By the time Walt chooses to act defiantly in the face of this tumultuous change, the moment for action that could have made a difference has passed.
“Whatever courage I’d discovered briefly in drink had by now been almost entirely gagged and pissed into the once sweet-smelling garden, and I no longer could pretend to be the hero of the field. I was too wretched to be a hero of the field. I could hardly stand.”
He cooks up a plan to point the finger at Mistress Bedlam for further bad occurrences and, in doing so, falls back on one of the oldest stories in human history: Blame the woman.
Harvest gleaned
Harvest, as Justine Jordon wrote in The Guardian, “dramatises one of the great under-told narratives of English history: the forced enclosure of open fields and common land from the late medieval era on, whereby subsistence agriculture was replaced by profitable wool production and the peasant farmers dispossessed and displaced.”
Author Jim Crace handles this dramatisation with deceptive simplicity, controlled pathos and a steady hand.
The world he creates comes to us from the mind of one character, who is constantly theorising and telling himself stories. Harvest could easily have felt one-dimensional but, mercifully, doesn’t.

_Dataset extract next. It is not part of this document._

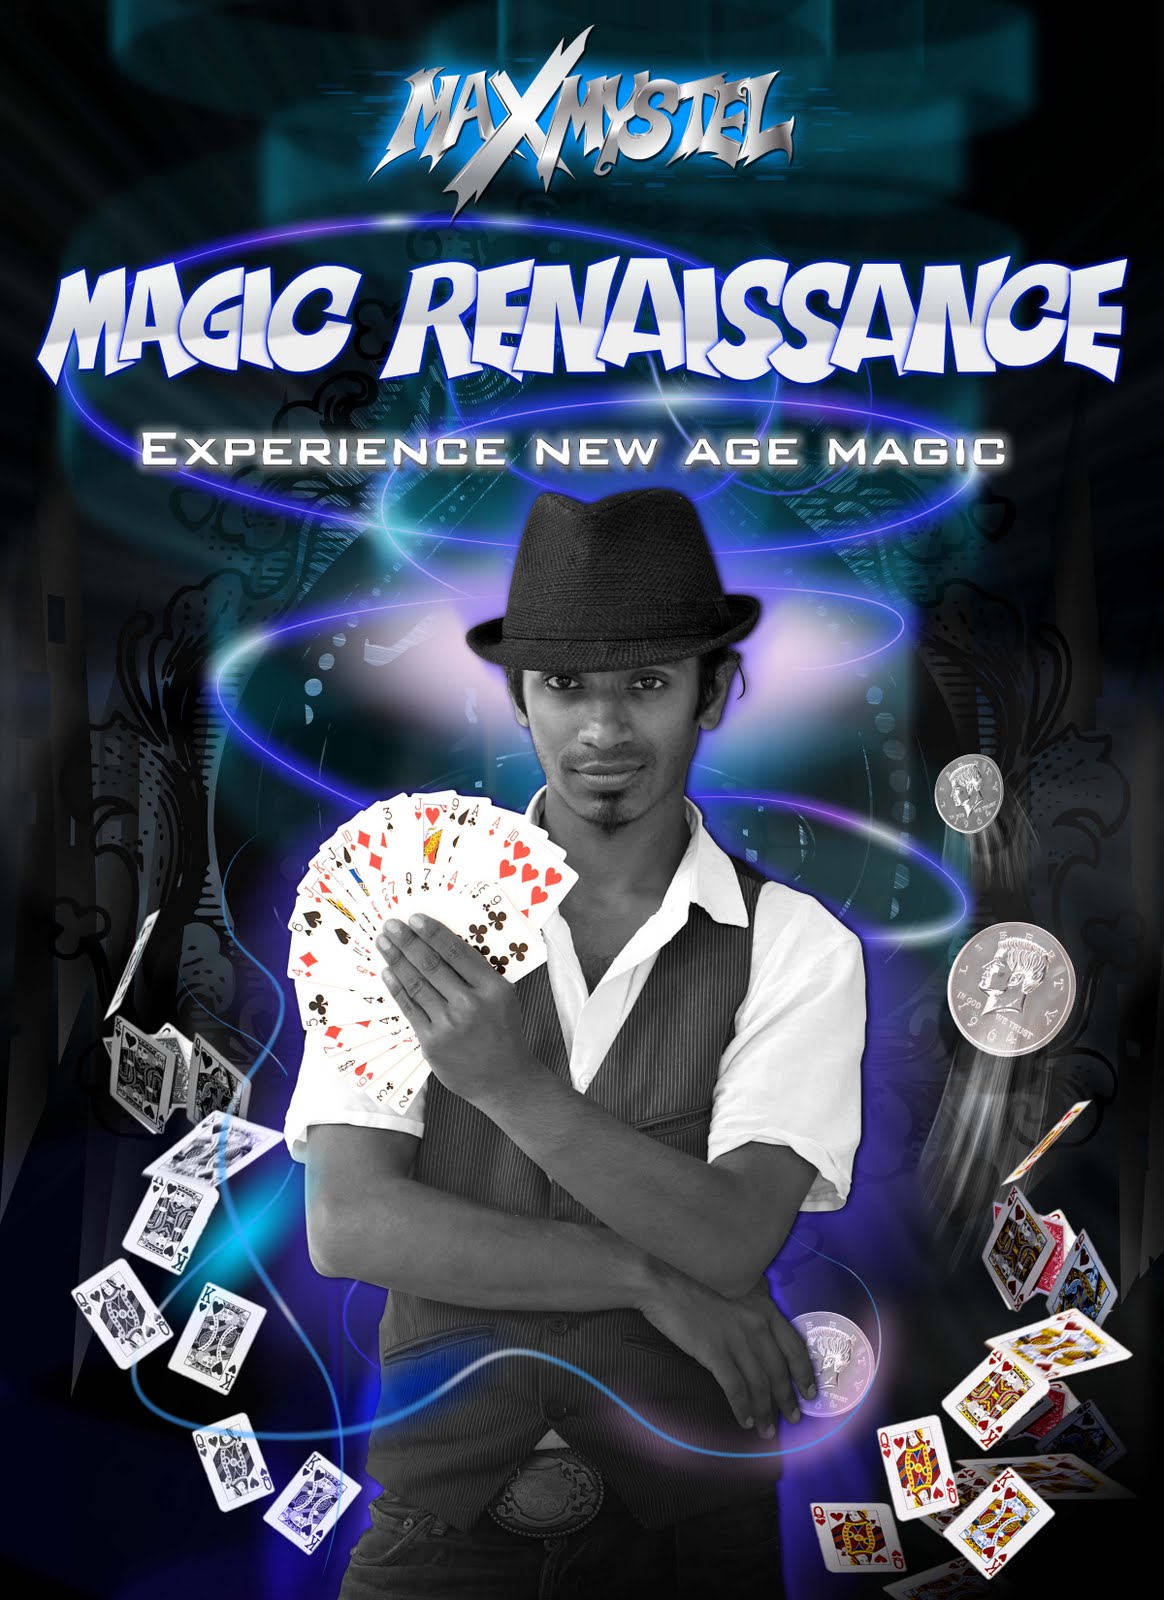 flyers-posters-poster-design-for-magic-show

The language Crace employs to embellish the story has an arcane flavour and takes a while to get used to, yet it is never cringe-worthy or overly difficult to read.
Here’s a tiny sample, in which Walt reflects on the shape of the widow Gosse — with whom he shares a lusty appetite: “She calls it widow’s spread and is not the least concerned — the opposite — when, lying on her back with me on top, her creamy stomach sways and frowns like a shaken posset.”
The more serious “harvest” I gleaned from the book is this:
- Greed changes our landscapes until they are unrecognisable. As Walt says: “We’re used to looking out and seeing what’s preceded us, and what will also outlive us. Now we have to contemplate a land bare of both.”
- Dispossession is traumatic. And it’s worth bearing in mind that you could be the stranger at the gate one day.
- Intensive farming may well have its roots in medieval times but this, and the attendant climate change, are now significant environmental threats.
We reap what we sow.
The Man Booker Prize 2013 winner will be announced on October 15.